Work instruction: Two lines mark the range in the entries below: the one holding "Clover® Silicon Carbide Grease Mix" and the one holding "Vente et installation". Set down those two and all lines between them, exactly.

Data for review:
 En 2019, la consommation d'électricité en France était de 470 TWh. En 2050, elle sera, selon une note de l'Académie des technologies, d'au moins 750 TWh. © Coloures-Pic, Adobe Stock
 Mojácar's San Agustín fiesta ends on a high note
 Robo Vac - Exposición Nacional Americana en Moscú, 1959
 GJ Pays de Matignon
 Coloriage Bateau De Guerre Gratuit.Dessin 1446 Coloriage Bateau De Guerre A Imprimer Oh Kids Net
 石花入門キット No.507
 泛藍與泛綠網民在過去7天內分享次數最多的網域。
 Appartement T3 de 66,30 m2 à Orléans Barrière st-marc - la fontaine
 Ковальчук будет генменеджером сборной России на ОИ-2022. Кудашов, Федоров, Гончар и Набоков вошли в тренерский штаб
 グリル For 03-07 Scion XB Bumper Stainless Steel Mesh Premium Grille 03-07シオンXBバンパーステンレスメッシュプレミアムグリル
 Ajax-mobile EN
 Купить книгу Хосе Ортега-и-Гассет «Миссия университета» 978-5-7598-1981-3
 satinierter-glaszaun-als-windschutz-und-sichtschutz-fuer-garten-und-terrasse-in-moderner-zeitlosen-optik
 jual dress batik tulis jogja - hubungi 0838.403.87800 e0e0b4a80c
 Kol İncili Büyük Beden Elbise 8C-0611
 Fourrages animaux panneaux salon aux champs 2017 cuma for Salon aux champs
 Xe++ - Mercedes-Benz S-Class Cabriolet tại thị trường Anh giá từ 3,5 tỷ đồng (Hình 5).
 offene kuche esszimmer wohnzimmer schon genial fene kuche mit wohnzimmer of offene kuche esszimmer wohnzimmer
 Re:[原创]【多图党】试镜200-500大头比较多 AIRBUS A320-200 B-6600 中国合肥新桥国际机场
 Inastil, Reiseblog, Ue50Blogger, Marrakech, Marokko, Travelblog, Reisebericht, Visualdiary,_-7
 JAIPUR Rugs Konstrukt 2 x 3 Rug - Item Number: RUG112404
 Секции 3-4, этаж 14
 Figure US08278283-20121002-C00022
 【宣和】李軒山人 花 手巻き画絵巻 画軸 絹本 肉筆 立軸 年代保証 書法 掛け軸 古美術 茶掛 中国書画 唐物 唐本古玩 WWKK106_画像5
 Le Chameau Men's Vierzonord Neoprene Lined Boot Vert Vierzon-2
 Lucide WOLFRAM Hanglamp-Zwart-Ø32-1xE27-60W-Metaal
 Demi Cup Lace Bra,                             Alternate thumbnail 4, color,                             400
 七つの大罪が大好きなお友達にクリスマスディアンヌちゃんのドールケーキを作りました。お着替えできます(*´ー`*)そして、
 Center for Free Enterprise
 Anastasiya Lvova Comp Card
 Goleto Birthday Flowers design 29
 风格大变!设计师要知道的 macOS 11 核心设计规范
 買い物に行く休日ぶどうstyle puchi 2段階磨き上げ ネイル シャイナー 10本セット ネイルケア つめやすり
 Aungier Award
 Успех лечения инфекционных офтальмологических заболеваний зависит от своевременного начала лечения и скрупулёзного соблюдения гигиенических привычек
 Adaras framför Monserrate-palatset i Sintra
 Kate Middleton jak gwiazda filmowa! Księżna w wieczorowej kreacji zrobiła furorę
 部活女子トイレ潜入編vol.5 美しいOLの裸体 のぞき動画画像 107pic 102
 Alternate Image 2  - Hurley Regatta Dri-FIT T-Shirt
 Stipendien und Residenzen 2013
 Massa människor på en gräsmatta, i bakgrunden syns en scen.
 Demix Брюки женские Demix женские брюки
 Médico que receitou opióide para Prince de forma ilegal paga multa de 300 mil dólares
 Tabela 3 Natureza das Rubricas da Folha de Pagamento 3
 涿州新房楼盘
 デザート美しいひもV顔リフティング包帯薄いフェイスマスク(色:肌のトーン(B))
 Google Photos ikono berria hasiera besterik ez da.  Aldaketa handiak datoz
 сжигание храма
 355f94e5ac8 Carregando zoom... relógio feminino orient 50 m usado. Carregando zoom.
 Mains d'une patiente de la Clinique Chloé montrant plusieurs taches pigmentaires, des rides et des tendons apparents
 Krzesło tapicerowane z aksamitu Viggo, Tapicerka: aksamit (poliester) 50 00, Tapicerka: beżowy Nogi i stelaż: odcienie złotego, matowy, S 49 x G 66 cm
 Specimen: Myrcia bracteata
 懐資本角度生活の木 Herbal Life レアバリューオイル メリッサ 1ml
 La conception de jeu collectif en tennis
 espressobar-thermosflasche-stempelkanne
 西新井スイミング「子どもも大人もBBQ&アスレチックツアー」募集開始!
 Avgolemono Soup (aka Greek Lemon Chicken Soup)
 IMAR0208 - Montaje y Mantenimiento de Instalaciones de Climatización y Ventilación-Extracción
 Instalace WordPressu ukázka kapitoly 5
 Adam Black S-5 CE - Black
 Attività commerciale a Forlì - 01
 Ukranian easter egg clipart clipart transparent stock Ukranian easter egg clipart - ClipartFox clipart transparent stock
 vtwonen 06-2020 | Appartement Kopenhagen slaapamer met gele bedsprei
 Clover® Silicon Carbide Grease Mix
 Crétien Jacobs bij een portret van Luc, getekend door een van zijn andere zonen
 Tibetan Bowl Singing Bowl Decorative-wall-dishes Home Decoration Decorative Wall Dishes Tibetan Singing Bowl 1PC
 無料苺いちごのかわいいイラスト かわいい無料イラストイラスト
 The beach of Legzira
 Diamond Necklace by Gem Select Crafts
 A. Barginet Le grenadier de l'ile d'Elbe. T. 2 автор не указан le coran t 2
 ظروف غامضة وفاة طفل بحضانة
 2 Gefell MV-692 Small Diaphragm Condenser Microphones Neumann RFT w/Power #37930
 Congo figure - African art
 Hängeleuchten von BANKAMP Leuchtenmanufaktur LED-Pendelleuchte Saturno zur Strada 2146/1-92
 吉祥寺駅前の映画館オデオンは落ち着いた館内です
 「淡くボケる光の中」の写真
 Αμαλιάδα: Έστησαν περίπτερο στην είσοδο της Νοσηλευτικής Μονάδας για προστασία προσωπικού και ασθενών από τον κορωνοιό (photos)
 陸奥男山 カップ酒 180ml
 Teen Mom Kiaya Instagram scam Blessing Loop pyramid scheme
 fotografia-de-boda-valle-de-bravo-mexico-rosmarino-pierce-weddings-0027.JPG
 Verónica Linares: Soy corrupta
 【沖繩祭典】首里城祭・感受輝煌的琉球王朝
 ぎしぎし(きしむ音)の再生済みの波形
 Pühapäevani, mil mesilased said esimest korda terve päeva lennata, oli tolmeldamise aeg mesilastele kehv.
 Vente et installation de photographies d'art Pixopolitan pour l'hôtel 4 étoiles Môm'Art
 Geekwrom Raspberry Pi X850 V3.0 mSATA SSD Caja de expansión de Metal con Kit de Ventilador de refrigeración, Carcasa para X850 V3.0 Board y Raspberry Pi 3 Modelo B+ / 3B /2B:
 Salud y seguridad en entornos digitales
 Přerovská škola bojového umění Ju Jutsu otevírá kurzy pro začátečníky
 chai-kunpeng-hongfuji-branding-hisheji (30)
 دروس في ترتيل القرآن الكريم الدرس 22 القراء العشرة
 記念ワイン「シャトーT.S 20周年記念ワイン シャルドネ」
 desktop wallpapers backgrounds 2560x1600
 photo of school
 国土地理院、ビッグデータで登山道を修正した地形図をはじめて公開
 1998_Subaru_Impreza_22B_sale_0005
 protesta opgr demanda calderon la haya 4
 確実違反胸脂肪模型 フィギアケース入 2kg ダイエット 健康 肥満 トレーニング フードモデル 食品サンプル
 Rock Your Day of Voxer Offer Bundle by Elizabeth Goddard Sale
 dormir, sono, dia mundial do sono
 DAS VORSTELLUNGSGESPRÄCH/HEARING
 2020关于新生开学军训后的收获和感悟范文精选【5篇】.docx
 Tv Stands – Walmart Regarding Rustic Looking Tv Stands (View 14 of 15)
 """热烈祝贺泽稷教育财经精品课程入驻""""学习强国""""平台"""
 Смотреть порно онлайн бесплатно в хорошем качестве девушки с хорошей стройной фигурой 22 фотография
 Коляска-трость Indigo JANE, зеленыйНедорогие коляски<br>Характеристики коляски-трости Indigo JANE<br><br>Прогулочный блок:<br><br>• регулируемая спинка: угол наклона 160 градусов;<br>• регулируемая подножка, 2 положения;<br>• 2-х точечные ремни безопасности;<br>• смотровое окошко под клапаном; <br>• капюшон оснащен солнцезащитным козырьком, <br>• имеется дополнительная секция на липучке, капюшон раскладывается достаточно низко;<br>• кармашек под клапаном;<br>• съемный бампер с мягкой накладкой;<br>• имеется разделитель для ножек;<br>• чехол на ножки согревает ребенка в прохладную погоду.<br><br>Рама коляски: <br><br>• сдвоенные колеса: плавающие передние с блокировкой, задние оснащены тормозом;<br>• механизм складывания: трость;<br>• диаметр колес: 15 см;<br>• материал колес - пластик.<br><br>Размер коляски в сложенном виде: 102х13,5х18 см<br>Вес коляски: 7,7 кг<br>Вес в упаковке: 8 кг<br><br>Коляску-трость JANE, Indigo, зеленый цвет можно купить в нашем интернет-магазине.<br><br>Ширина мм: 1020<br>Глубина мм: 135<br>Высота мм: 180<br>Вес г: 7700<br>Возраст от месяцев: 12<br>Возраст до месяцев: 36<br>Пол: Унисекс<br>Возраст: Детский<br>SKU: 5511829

Written response:
 Clover® Silicon Carbide Grease Mix
 Crétien Jacobs bij een portret van Luc, getekend door een van zijn andere zonen
 Tibetan Bowl Singing Bowl Decorative-wall-dishes Home Decoration Decorative Wall Dishes Tibetan Singing Bowl 1PC
 無料苺いちごのかわいいイラスト かわいい無料イラストイラスト
 The beach of Legzira
 Diamond Necklace by Gem Select Crafts
 A. Barginet Le grenadier de l'ile d'Elbe. T. 2 автор не указан le coran t 2
 ظروف غامضة وفاة طفل بحضانة
 2 Gefell MV-692 Small Diaphragm Condenser Microphones Neumann RFT w/Power #37930
 Congo figure - African art
 Hängeleuchten von BANKAMP Leuchtenmanufaktur LED-Pendelleuchte Saturno zur Strada 2146/1-92
 吉祥寺駅前の映画館オデオンは落ち着いた館内です
 「淡くボケる光の中」の写真
 Αμαλιάδα: Έστησαν περίπτερο στην είσοδο της Νοσηλευτικής Μονάδας για προστασία προσωπικού και ασθενών από τον κορωνοιό (photos)
 陸奥男山 カップ酒 180ml
 Teen Mom Kiaya Instagram scam Blessing Loop pyramid scheme
 fotografia-de-boda-valle-de-bravo-mexico-rosmarino-pierce-weddings-0027.JPG
 Verónica Linares: Soy corrupta
 【沖繩祭典】首里城祭・感受輝煌的琉球王朝
 ぎしぎし(きしむ音)の再生済みの波形
 Pühapäevani, mil mesilased said esimest korda terve päeva lennata, oli tolmeldamise aeg mesilastele kehv.
 Vente et installation de photographies d'art Pixopolitan pour l'hôtel 4 étoiles Môm'Art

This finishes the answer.